[PROBLEM] Can you transcribe the data exactly? Leave the pictures out.

[PROVIDED MATERIAL]
━━━━━━━━

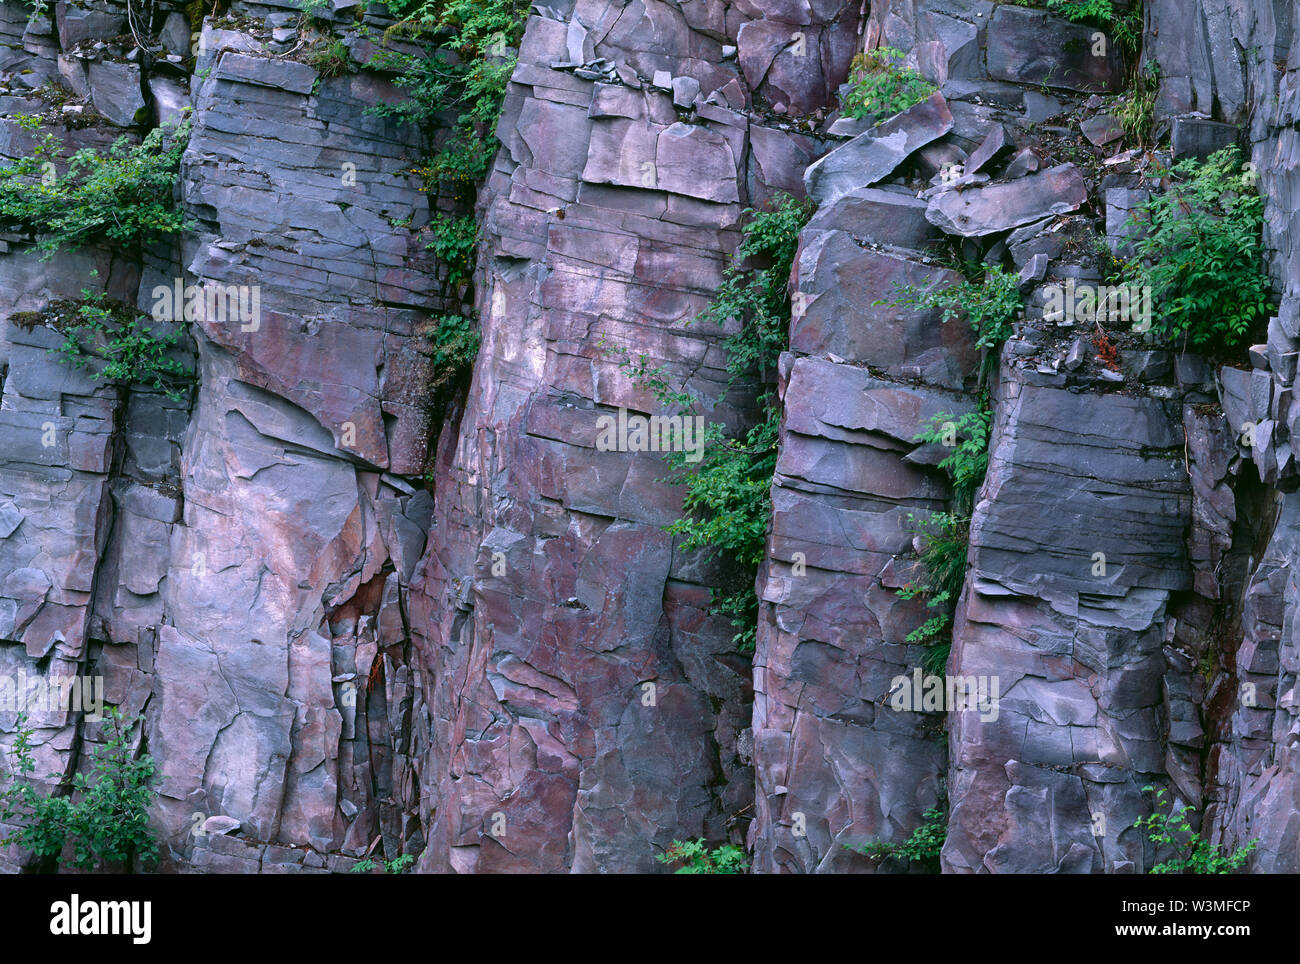 USA, Washington, Mt. Rainier National Park, plantes dispersées dans les roches fracturées, gain de mur dans la région de Stevens Canyon. Banque D'Images
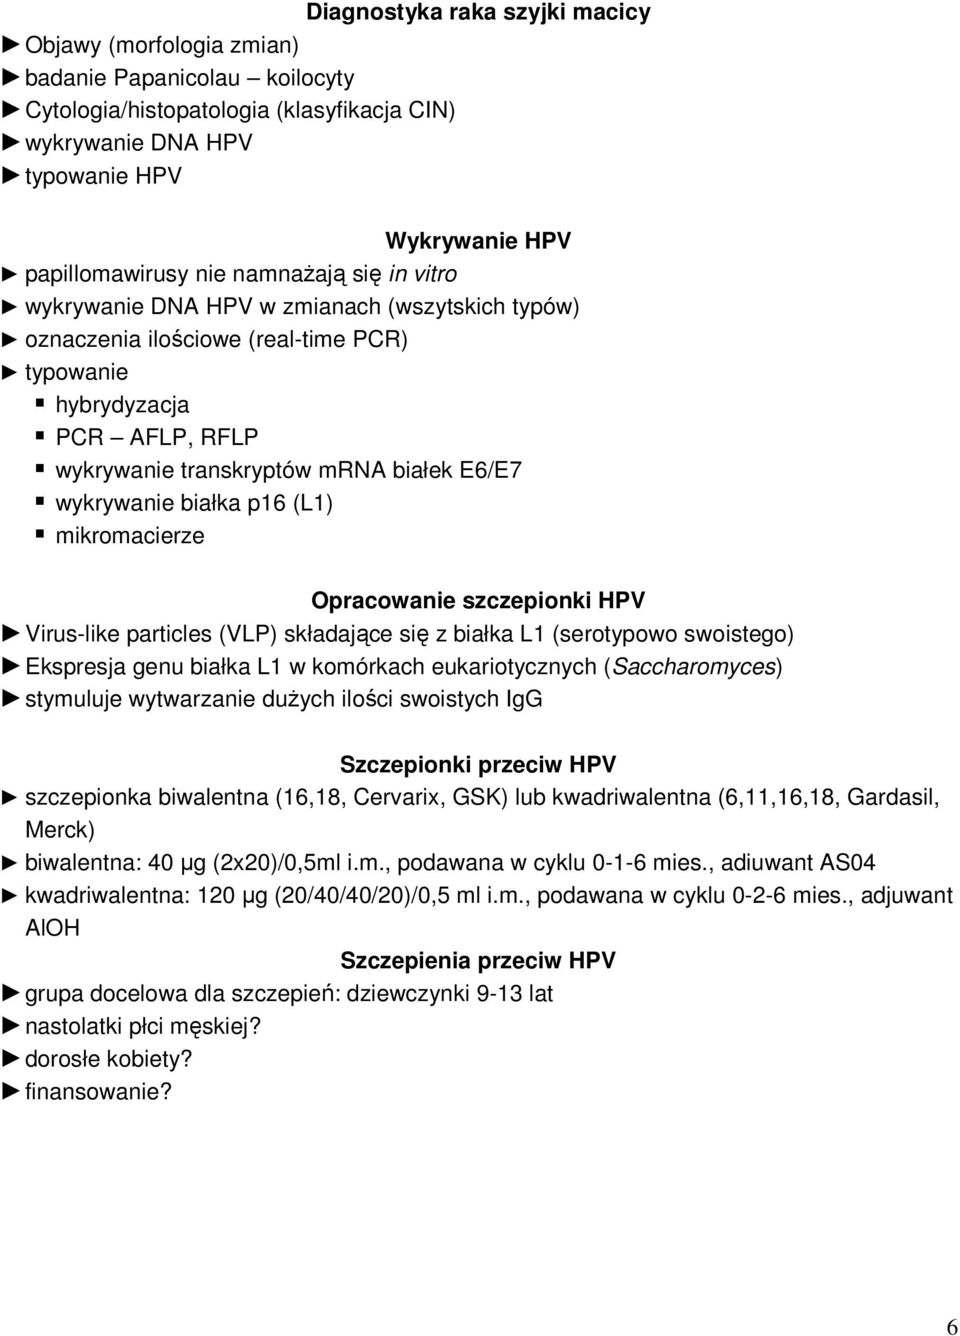 białka p16 (L1) mikromacierze Opracowanie szczepionki HPV Virus-like particles (VLP) składające się z białka L1 (serotypowo swoistego) Ekspresja genu białka L1 w komórkach eukariotycznych
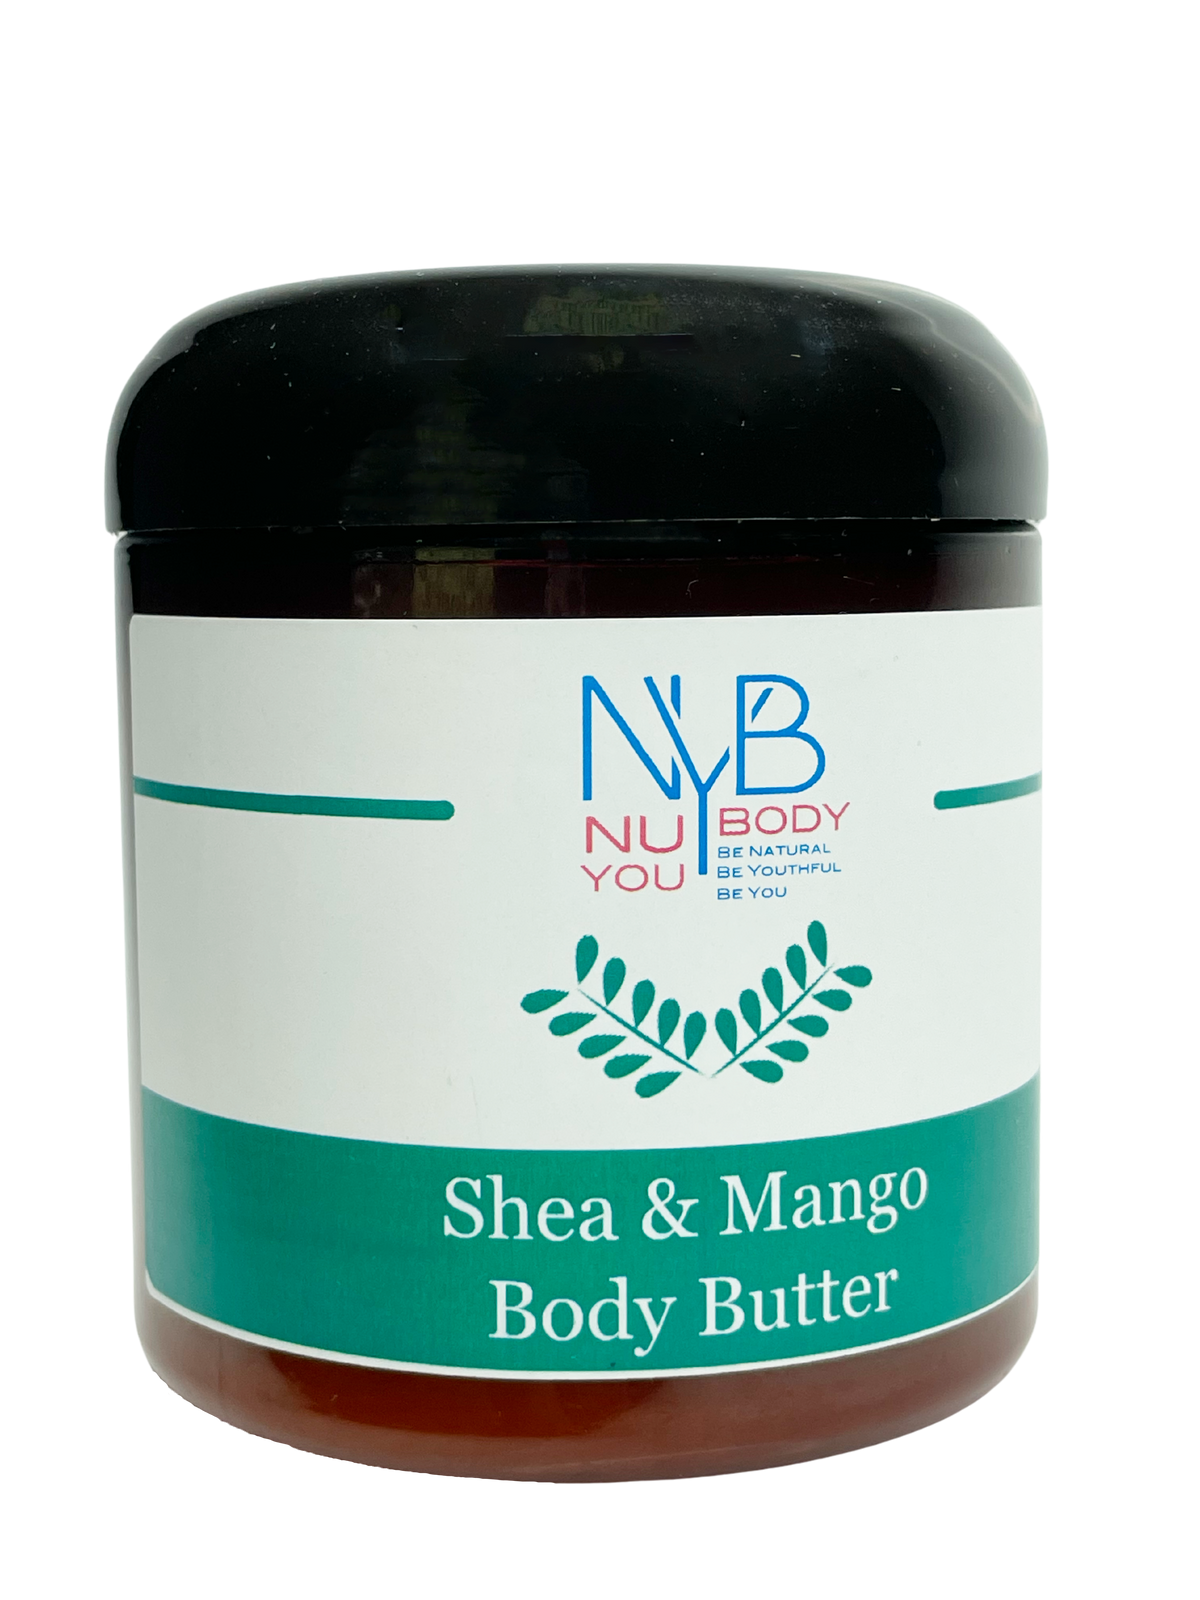 Shea & Mango Body Butter

━━━━━━━━

[REPLY]
 USA, Washington, Mt. Rainier National Park, plantes dispersées dans les roches fracturées, gain de mur dans la région de Stevens Canyon. Banque D'Images
 białka p16 (L1) mikromacierze Opracowanie szczepionki HPV Virus-like particles (VLP) składające się z białka L1 (serotypowo swoistego) Ekspresja genu białka L1 w komórkach eukariotycznych
 Shea & Mango Body Butter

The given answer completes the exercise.